With a few simple ingredients, you can enjoy homemade Pico de Gallo in no time!
It’s no secret that I LOVE Mexican food! I crave enchiladas and Mexican rice multiple times a week. I love it so much, that when I was a little girl I even wanted to marry a Mexican man so he can cook for me, but then Warren came along and I got over it :)
Whenever I try a new Mexican restaurant, the Pico de Gallo served with the chips is usually the make-or-break factor for whether or not I will return. It is one of the first things served after all. When a restaurant nails their pico, I become a repeat customer!
Sometimes I find myself wanting to go to the restaurant just for their chips and Pico de Gallo and nothing else. Now, there are those who share my sentiment and go and order a drink at the bar, which gets served with chips and Pico de Gallo, but I’m not a big drinker and I don’t think I can just go in and say “Just chips and salsa, please.” Right?
So it’s a good thing that Pico de Gallo is simple enough to make at home so that I can enjoy it anytime that I’d like :D Admittedly, it took me a few years of trial and error before landing on the perfect recipe, but here it is folks!
My Pico de Gallo has the perfect combination of heat, acidity, and brine, and a balanced ratio of onions, cilantro, and tomatoes. I even needed to stop Warren from “sampling” the batch several times so that I had something to photograph! I hope you love it as much as we do.
- 1 1/2 pounds red tomatoes, seeded and diced (about 4 tomatoes)
- 1/2 a large onion, diced (the onion I used was about the size of a softball)
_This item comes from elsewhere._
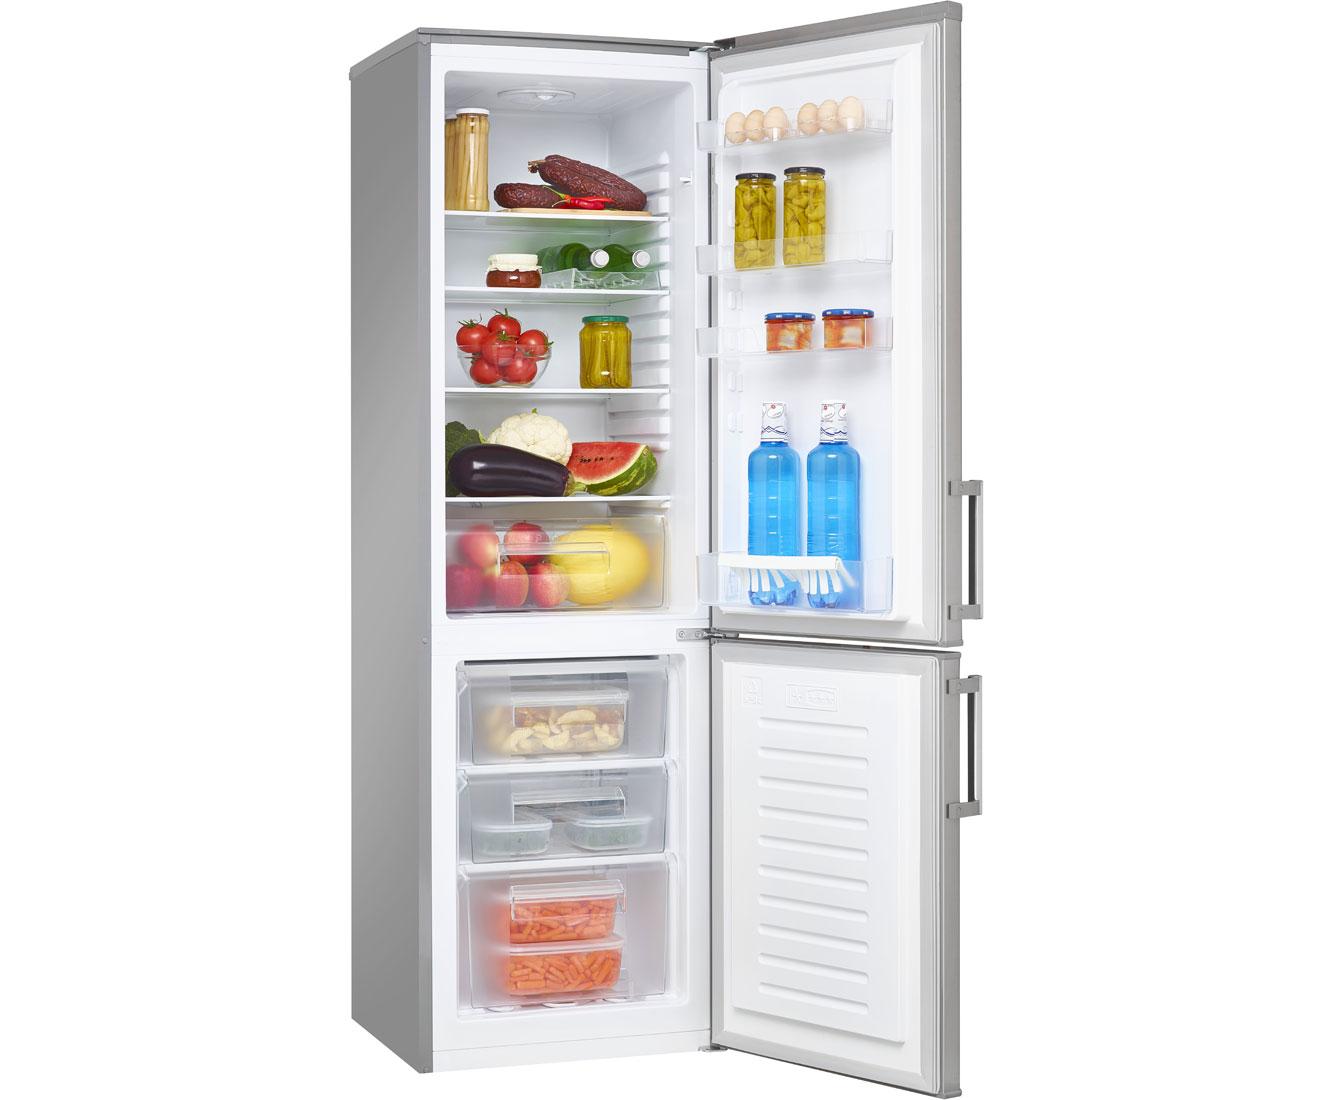 Amica Kühlschrank Marke : Amica kgc e kühl gefrierkombination edelstahl optik a

- 1/2 cup fresh cilantro leaves, chopped (about 3/4 of a bunch)
- 3 1/2 tablespoons freshly squeezed lime juice, about 2 limes
- 2 jalapeño chiles, seeded and diced
- 1 serrano chiles, seeded and diced
- 1 teaspoon sea salt
Place all the ingredients in a medium bowl and stir until combined.
Cover with plastic wrap and chill in the refrigerator for 1 hour.